Just over the bow-shaped concrete pool, the house stood. It was two-storied, big, huge.  It seemed the house stood on the street as it had not spared an inch of front space for a footpath. However, inside, it had a huge backyard, a broad yard too. Just after the toilet, and bathroom the backyard was full of trees—mango, rose apple, jackfruit. It looked like a jungle where even at noon the sun was shy and there was a fusty smell in the weed-carpeted shadowy soil.  

Would it have been a sin if the house was built leaving some space in the front?

They were thinking so. Especially Motin. He had a gardening hobby, but till now it has become a reality only in his imagination. “Ah! If I could get a patch of soil!” thought Motin.  He would plant mousumi, gandharaj, bakul, hasnahana, two or four roses too.  Coming from the office he would sit here in the late evening. To relax with a luxury he would buy a light cane-made chair. Reclining on it he would then gossip with friends. Amzad had a habit of smoking hookah. Keeping an eye on the beauty of the garden, he would have bought a carved hookah. Kader was a storyteller. With a fine breeze, his voice would have been more melodious. And if he would not tell a story at such a moon-blanched flower-scented night, the sky would not fall on us! Carelessly with eyes closed they could quietly enjoy the mellow twilight.
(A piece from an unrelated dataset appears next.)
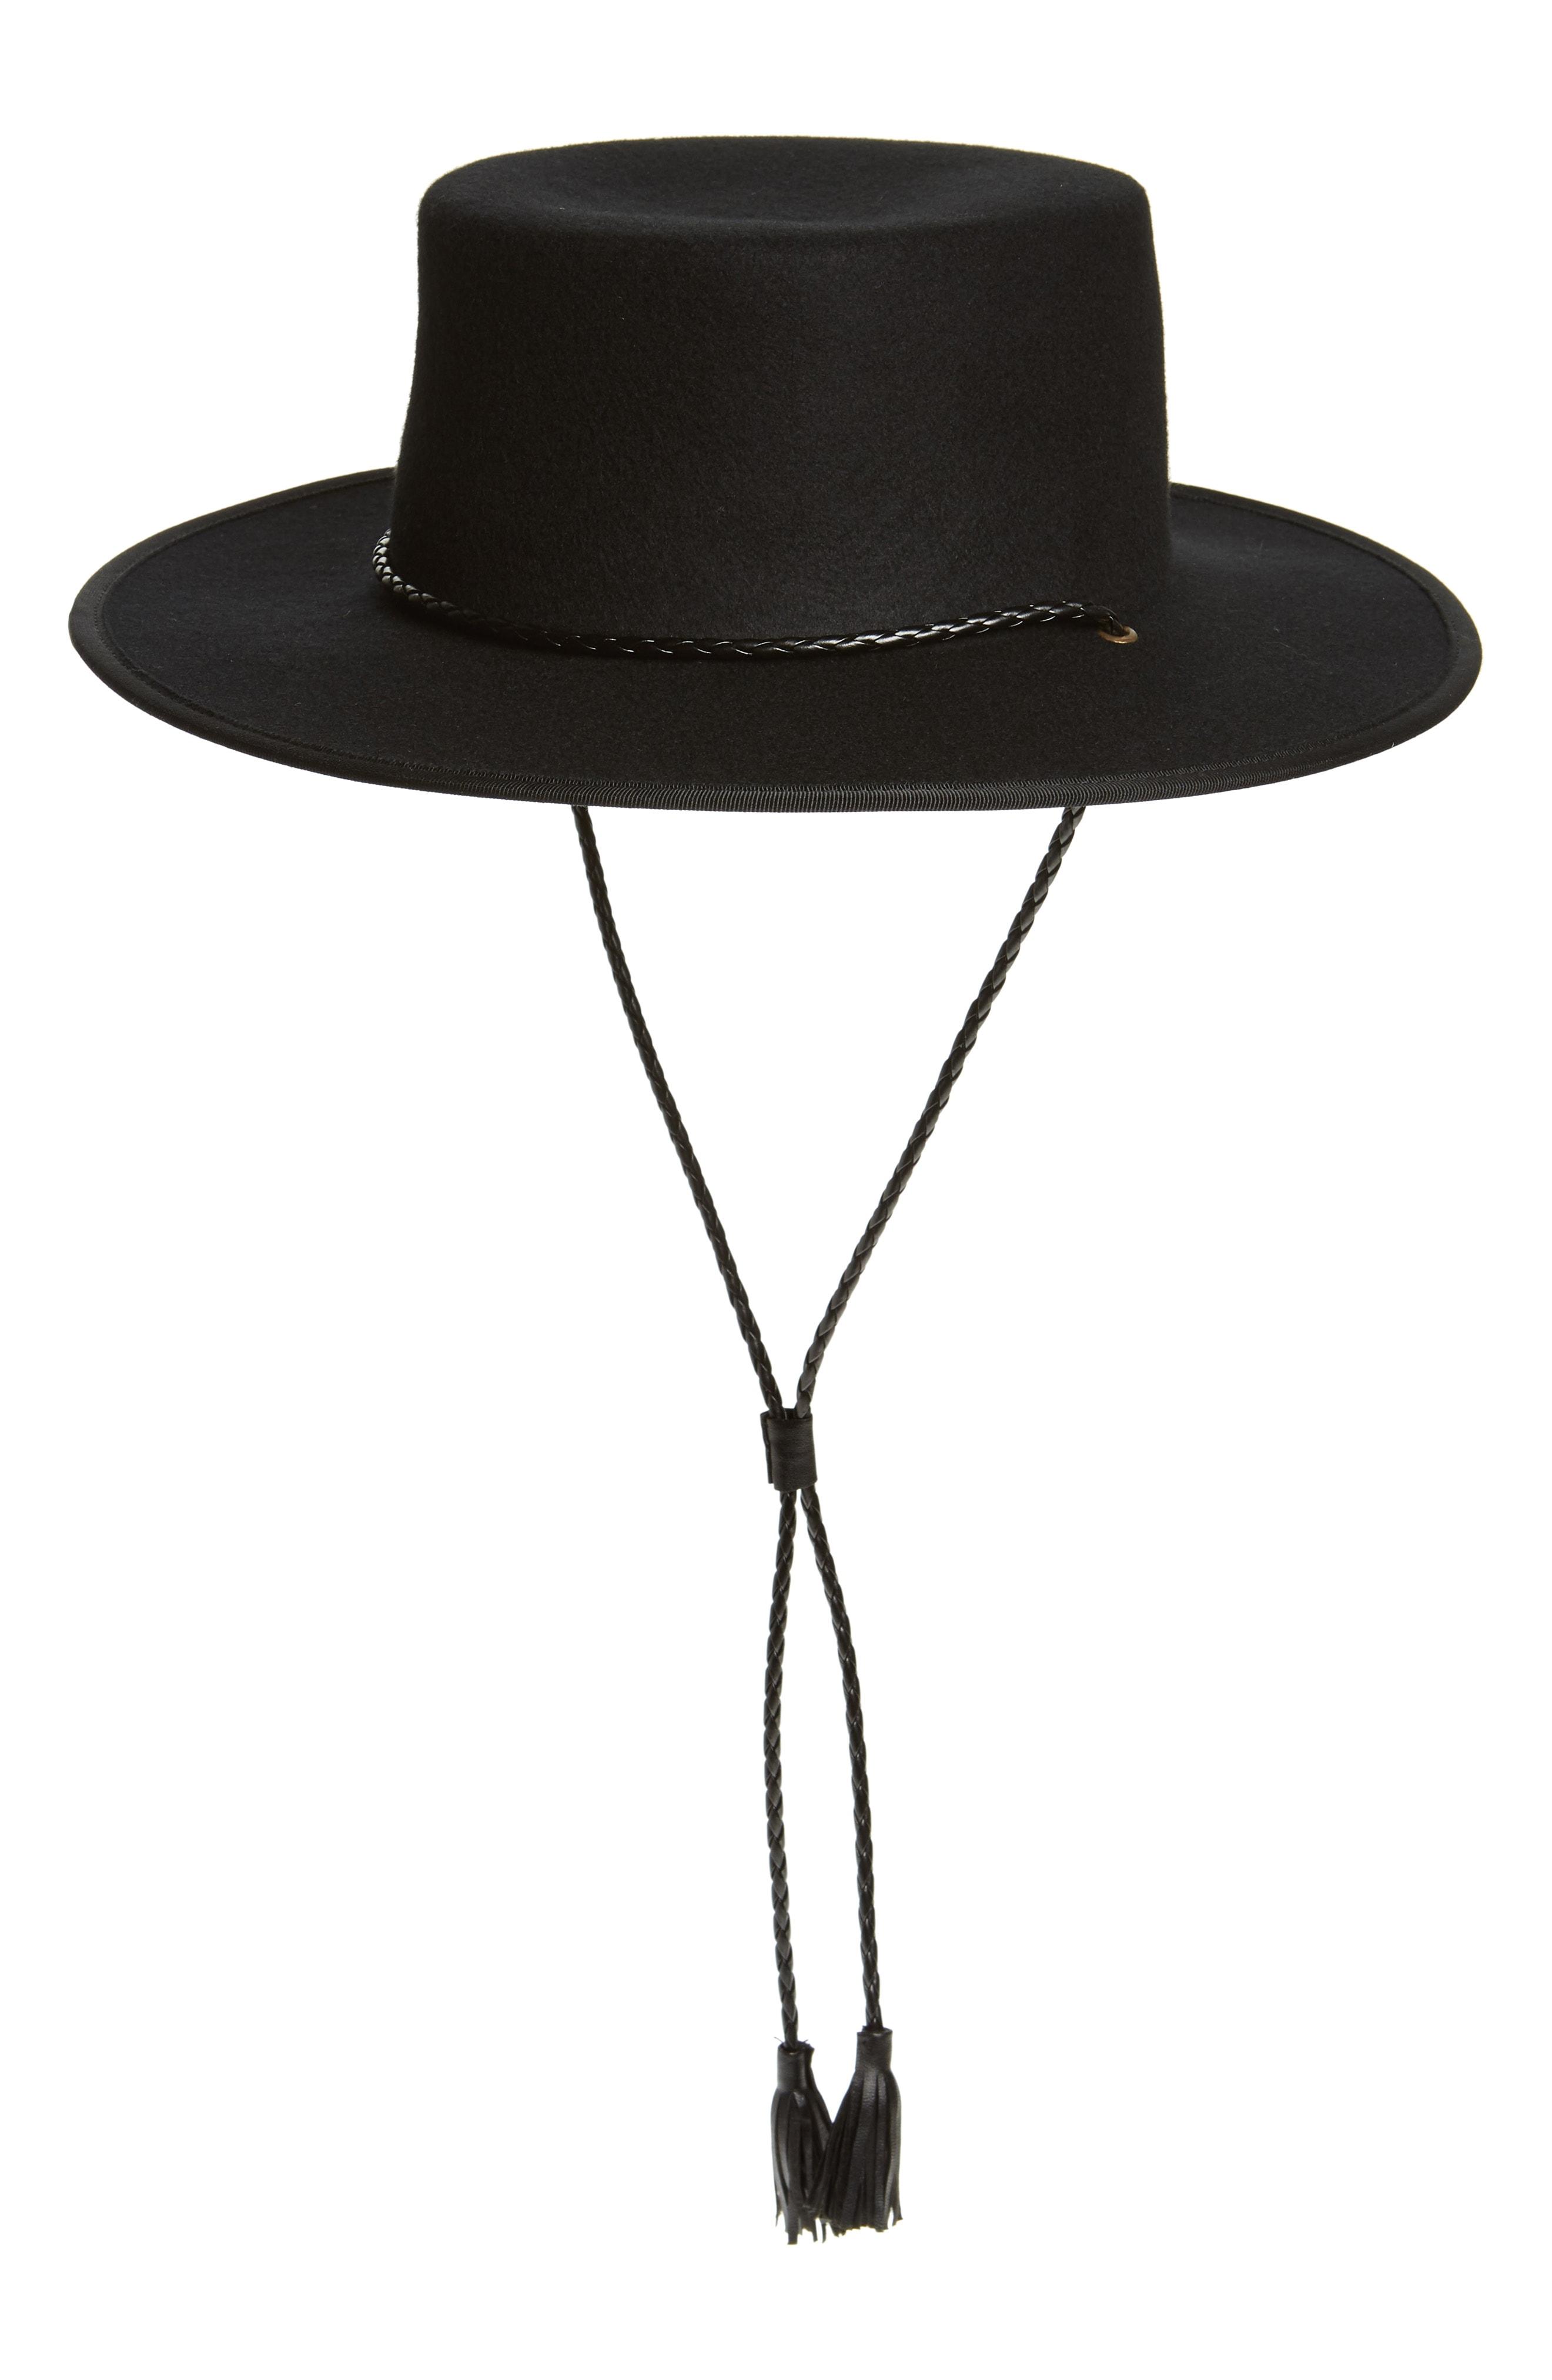 Madewell x Biltmore Felt Stampede Strap Hat

Returning from office Motin tiredly climbed the stair and such thoughts crowded him.

They occupied the house without any force. It was abandoned. The owner had fled. Because of the anarchy of partition, they eventually arrived in this town and badly sought a roof. They found the house after many setbacks. It was locked and empty. They were fortunate to have found it. They were elated at first but immediately after an unknown fear gripped them. The next moment it, however, vanished. And in the evening they broke the gate and entered the house with shouts of victory. They were too excited to feel any sense of remorse or guilt. 

The next day the news spread across the city and crowds of people rushed like sea waves. They also needed a roof.

They hid their joy and told the newcomers that there was hardly space for keeping a foot in the house. How could you all take shelter here? Impossible! Look at the small room. It had already four beds huddled together.

Another sympathetic voice cried for the perils of the strangers, “Don’t we understand your hardships? One day we had to bear it. But you are really unlucky.”

The faces of the strangers become blackened at these touching words.

Then a stranger pointed to a room and asked, “That room?”

They said, “It looks empty but it’s not so. Keep eyes close to the floor. Look, two beddings lie there. Just two hours ago the last space was occupied by accountant portly Badruddin who has gone to bring his bedding from his wife’s brother who with his family had taken shelter in his friend’s verandah.”

Again a sympathetic voice cried, “If you had come before two hours, you could have given a fig to Badruddin. Yes, the room is dimly lit but there is a street light beside it. During load shedding you hardly need a lamp!”

These caring voices fell flat to the ears of the strangers—the disappointed, defeated home-seekers. 

Meanwhile, police came to investigate the case of the usurpation of the house. Watching the uniformed men they asked themselves if the fled house owner complained to the police to rescue the house. One could hardly believe it. The owner had emptied the house and fled within two days. He might have many difficulties to manage his family. Where was his time to complain? The police had been surely informed by the failed home-seekers. They did it out of jealousy. They thus reasoned. Violence now seemed to be an abiding duty to the occupied.

They resisted.

We might be clerks, poor but we were sons of cultural families. We had occupied the house. But we did not break doors or windows. We did not steal bricks and irons. We knew the laws of the land. Who complained? Not the house owner. So it was invalid.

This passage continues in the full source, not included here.